Article source: blog.csdn.net/analogous_l…

Over the years, I have contacted various projects and written a lot of network programming codes. From Windows to Linux, I have fallen into many pits. Because network programming involves a lot of details and skills, I always want to write an article to summarize my experience and experience in this respect.

The platforms covered in this article include Windows and Linux, so here we go.

\

How to write a non-blocking connect() function

We know that using connect() blocks by default until after the three-way handshake has been established, or until a timeout is returned, during which the program execution flow is blocked. So how do you use connect() to write non-blocking connection code?

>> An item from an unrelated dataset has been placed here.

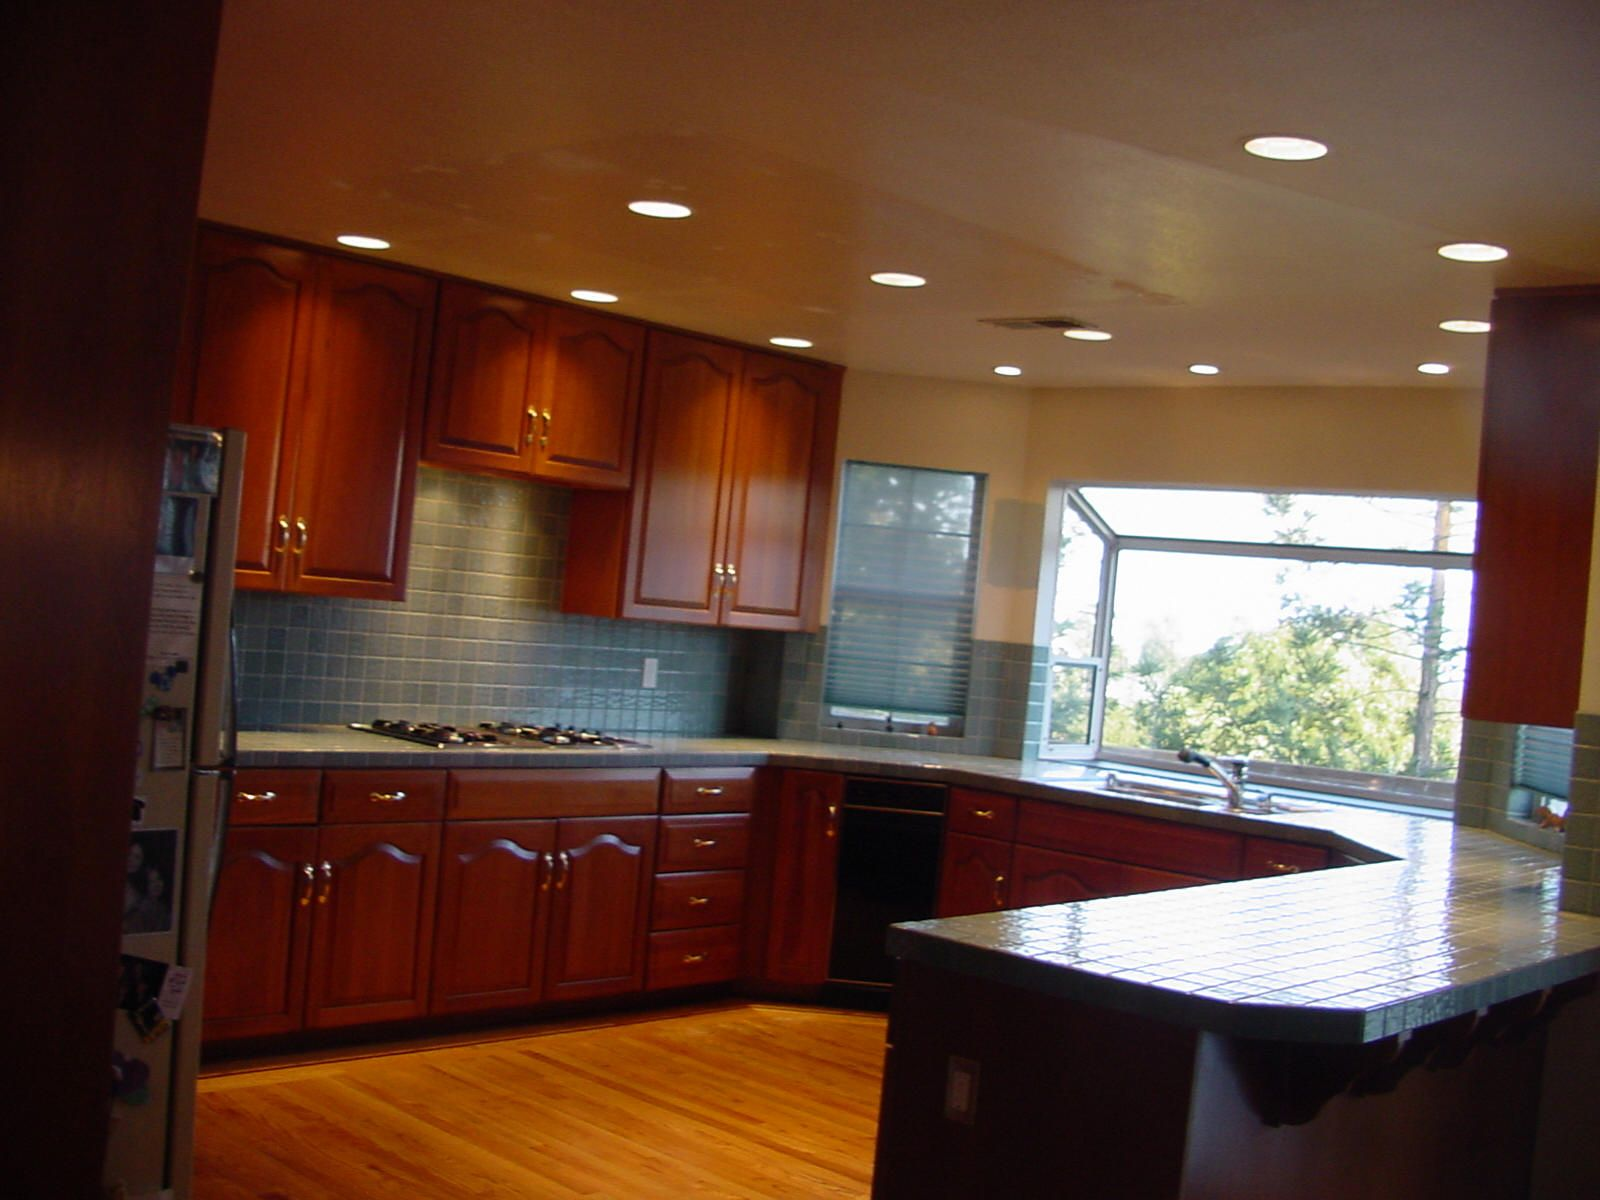 17 Lighting Onrustic Lighting. Ideas For Kitchen Islands In Small Kitchens. Small Kitchens with Islands Designs with Modern 2door Refrigerator. New Small Kitchen Island Ideas for The Homenarrow

No matter in Windows or Linux platform, the following ideas can be adopted to achieve:

1. When creating a socket, set the socket to non-blocking mode. For details about how to set the socket, see my series of articles “Server Programming Tips (4) – How to set the socket to non-blocking mode”.

2. Then call connect() to connect, if connect() immediately successful, return 0; If the connection is not immediately successful at this point, -1 is returned (SOCKET_ERROR is also -1 on Windows), in which case the error code WSAEWOULDBLOCK (Windows) or EINPROGRESS (Linux) is not currently available.

3. The select() function is then called to check whether the socket is writable within the specified time. If writable, the connect() connection is successful.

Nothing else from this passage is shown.